## Task to carry out
Quote all of the data that follows exactly as written, skipping the images.

## Provided data
• • • • •

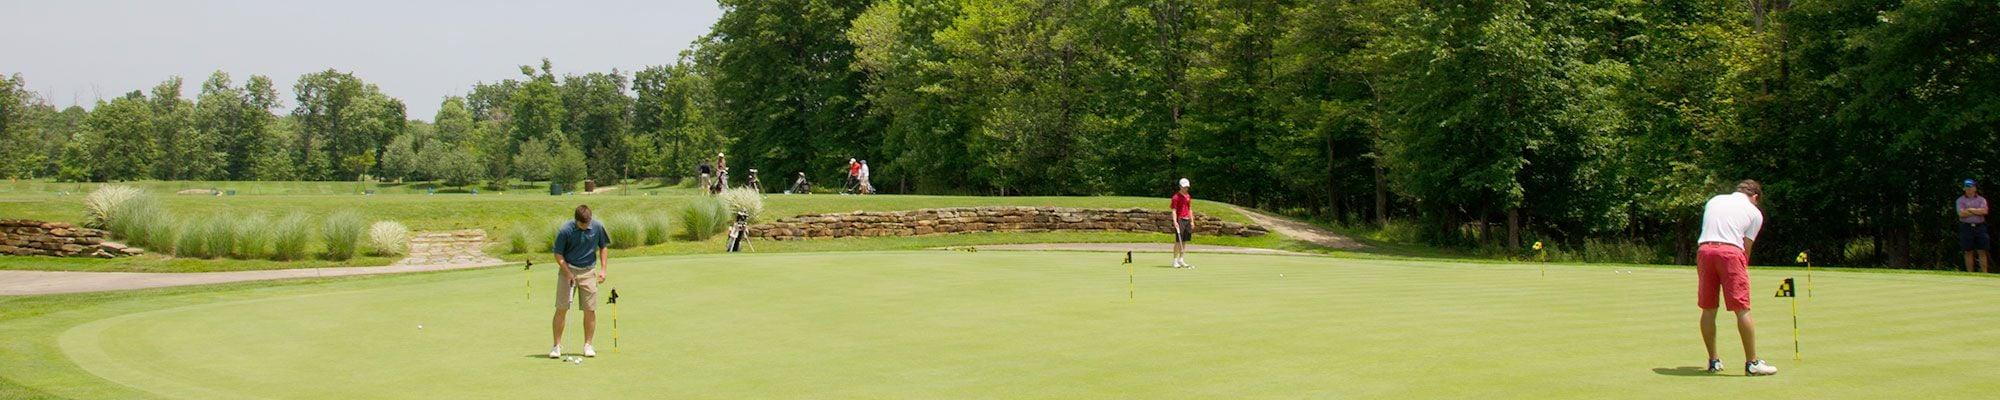 golf-club-memberships
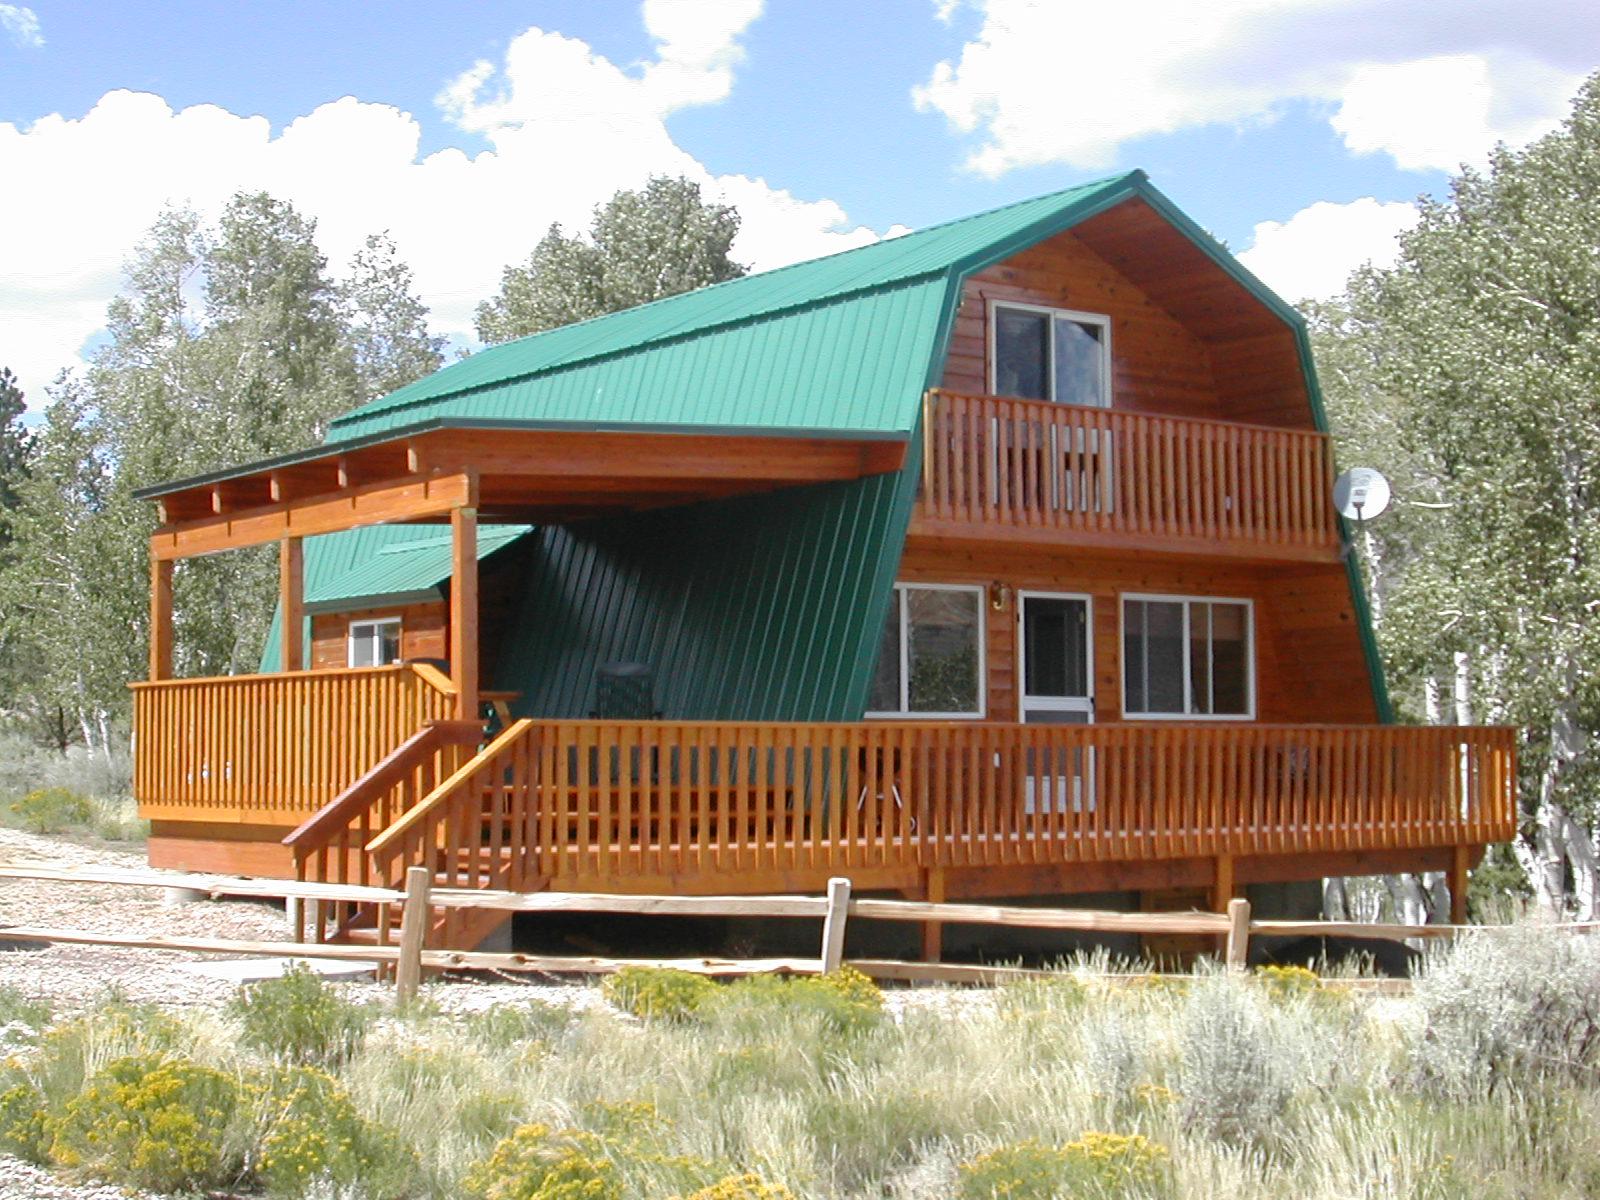 panguitch lake utah real estate cabin for sale 27260
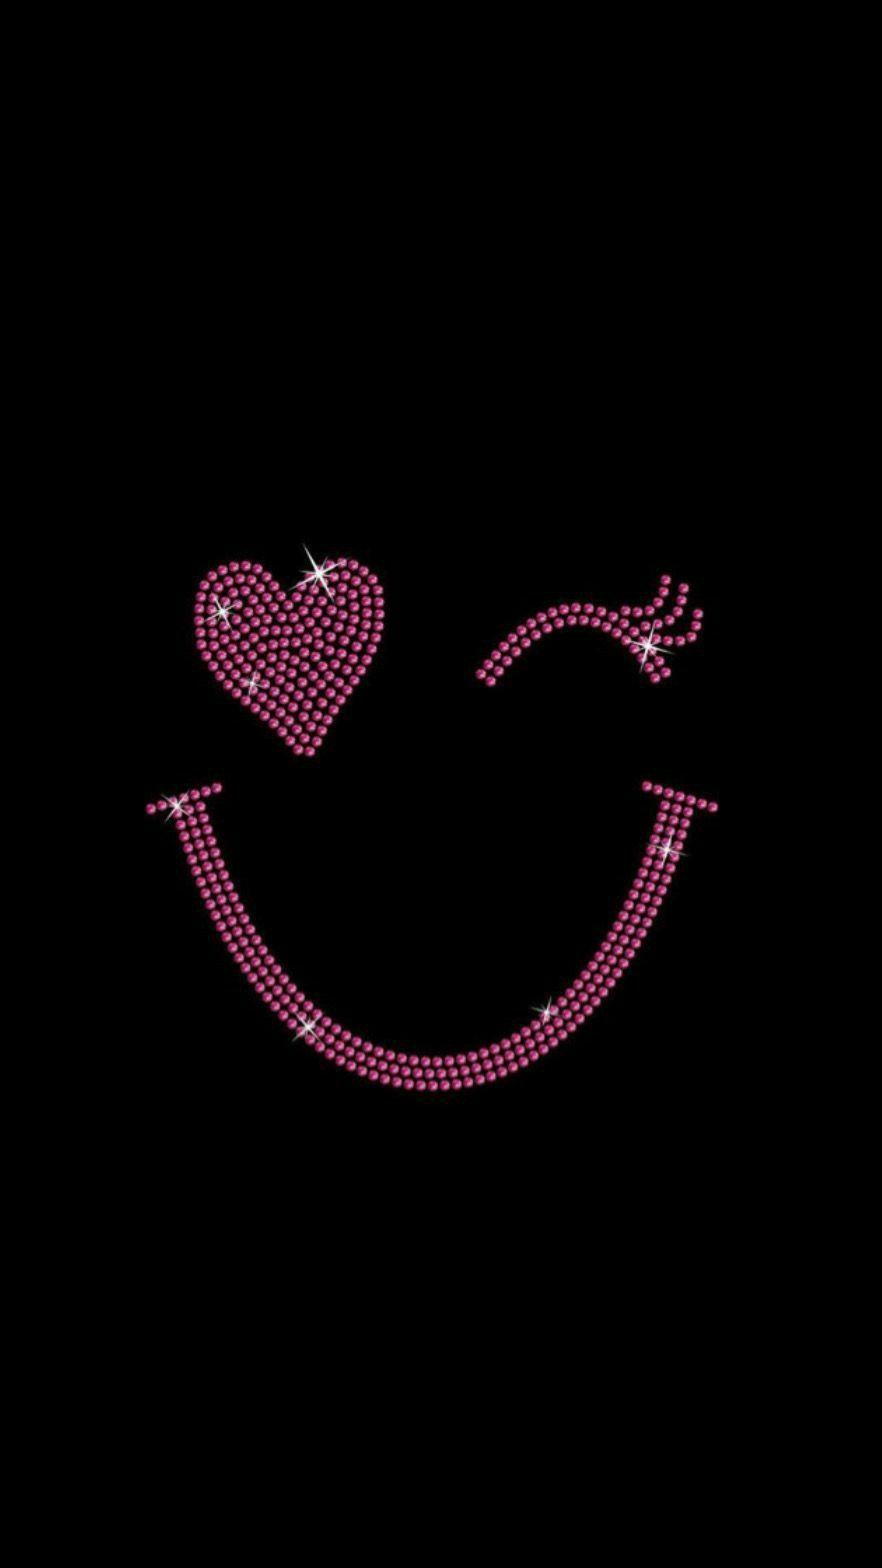 Pin By Angeli Kwauk On Rainbow Heart Flower Phone Wallpaper Glitter Phone Wallpaper Happy Wallpaper
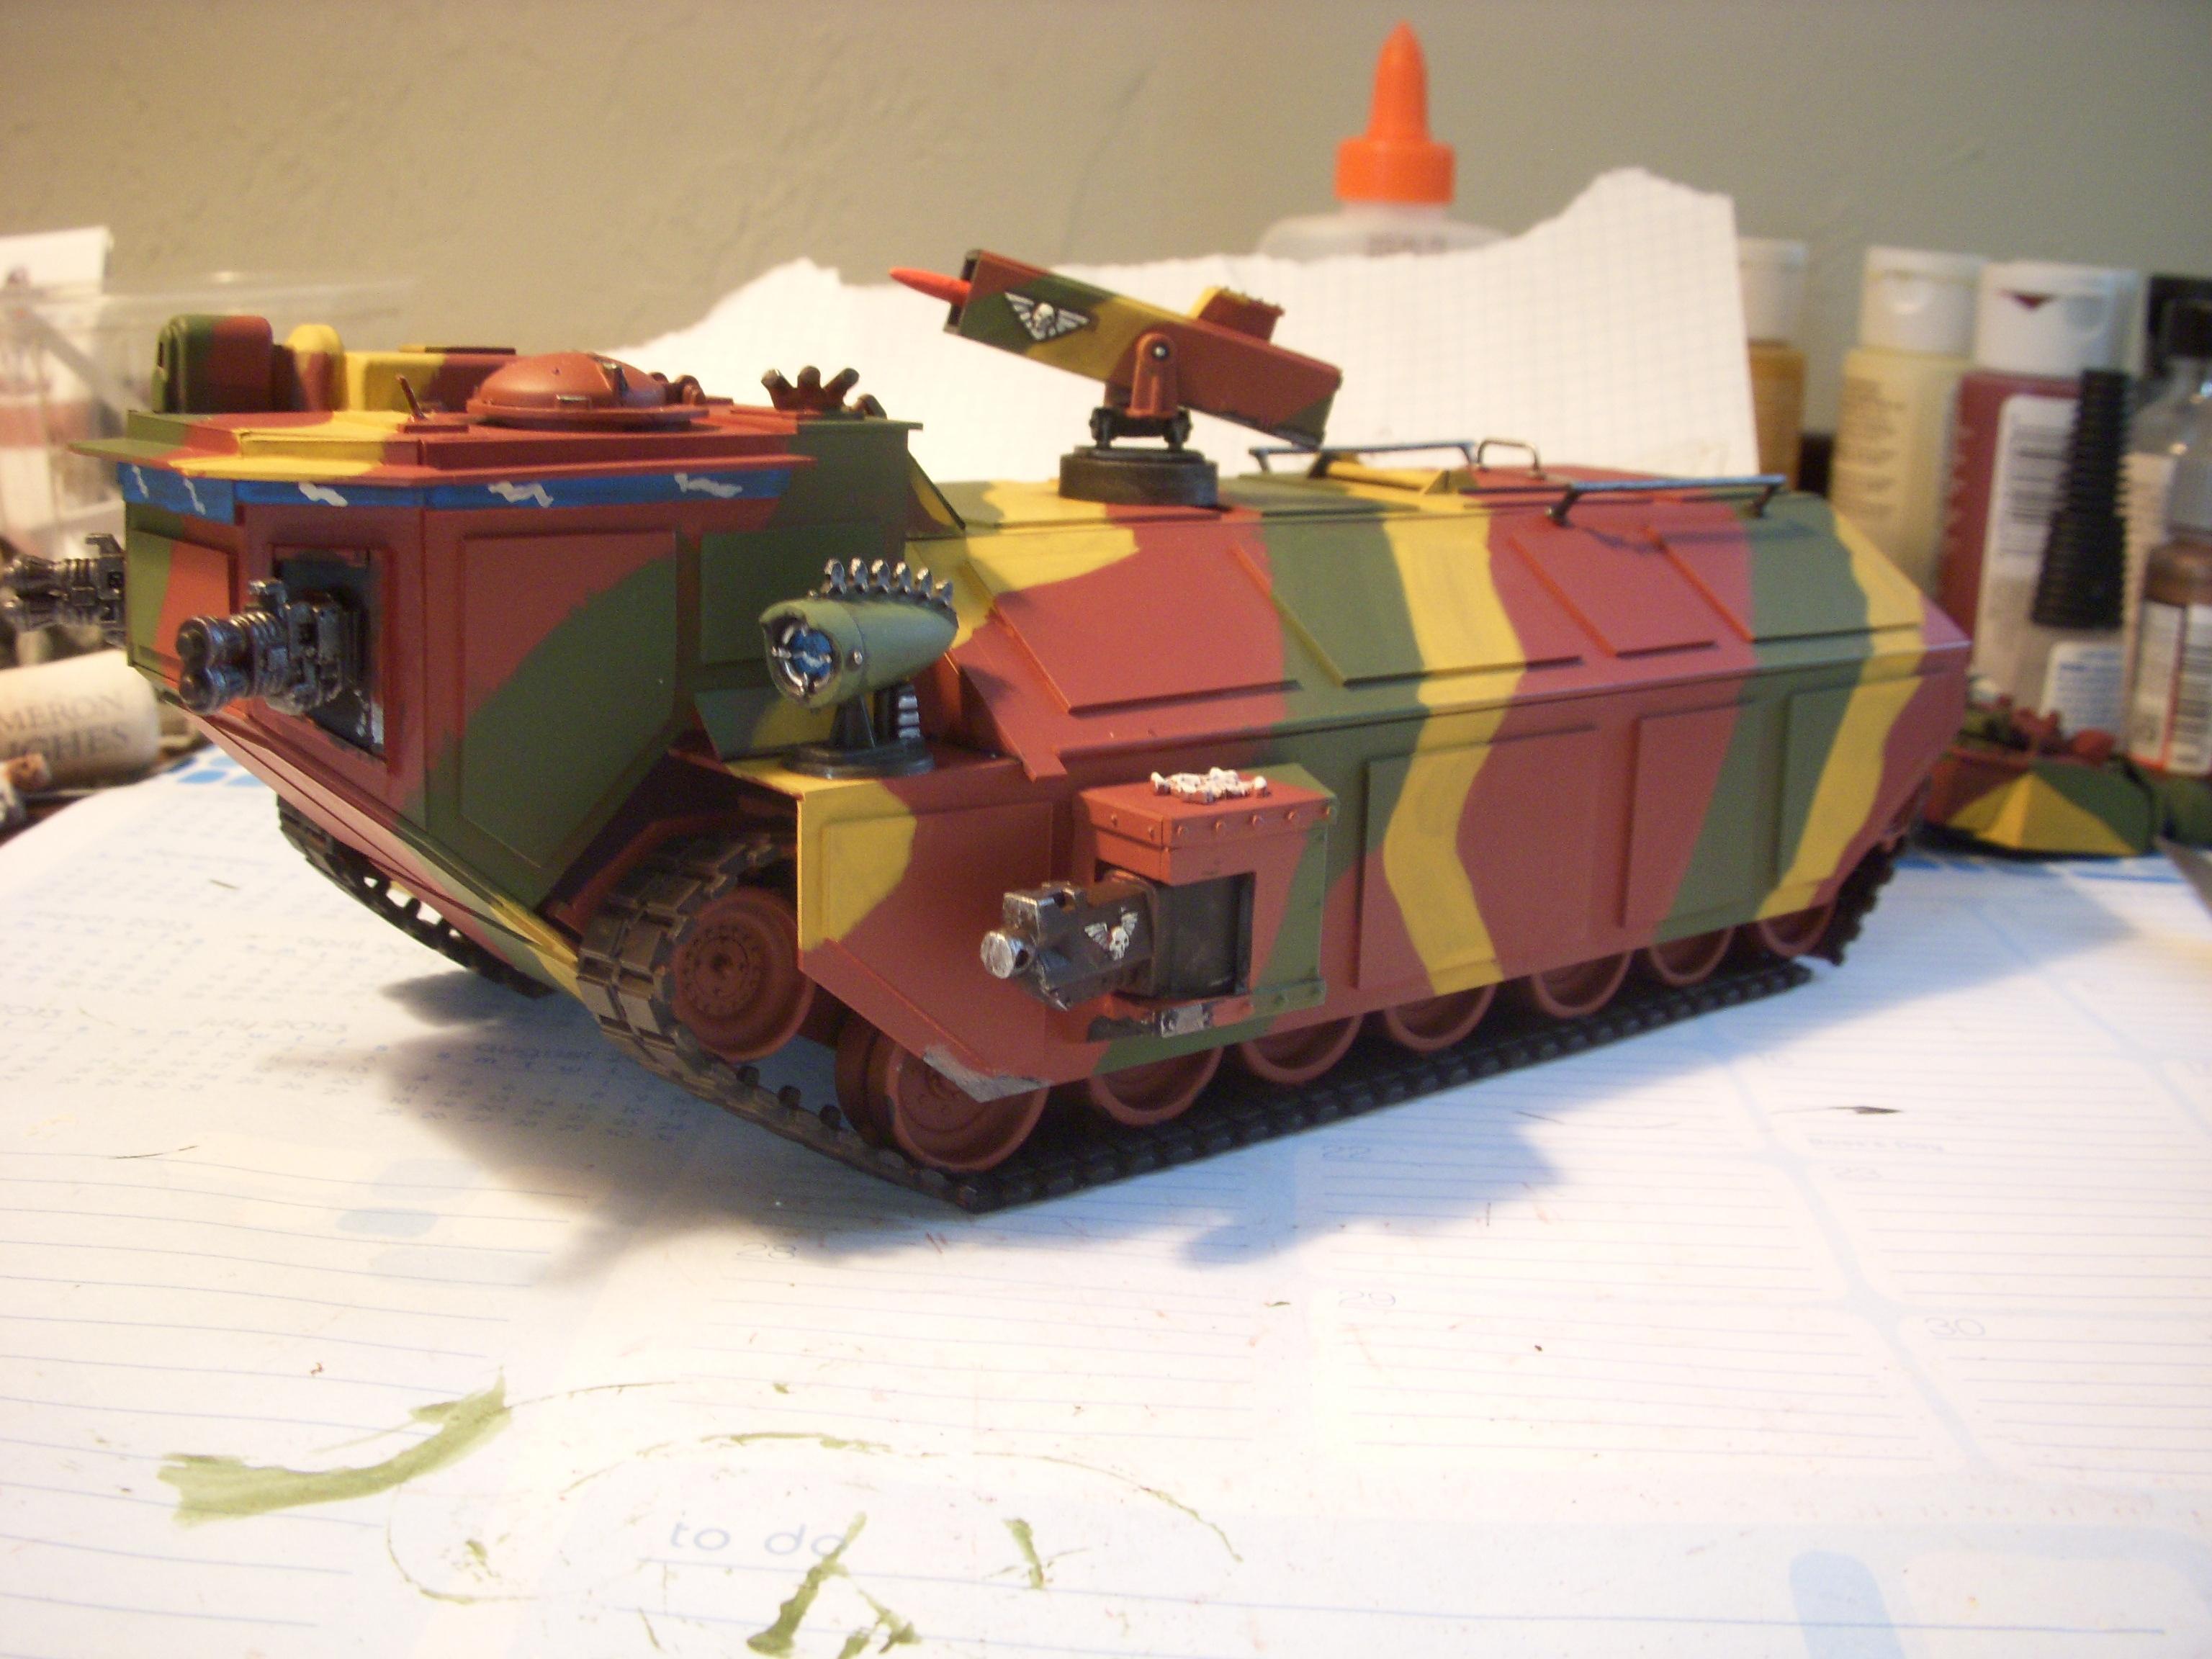 Crassus, Crassus Armored Assault Transport, Imperial Guard, Scratch Build, Work In Progress

• • • • •

## Answer box
 golf-club-memberships
 panguitch lake utah real estate cabin for sale 27260
 Pin By Angeli Kwauk On Rainbow Heart Flower Phone Wallpaper Glitter Phone Wallpaper Happy Wallpaper
 Crassus, Crassus Armored Assault Transport, Imperial Guard, Scratch Build, Work In Progress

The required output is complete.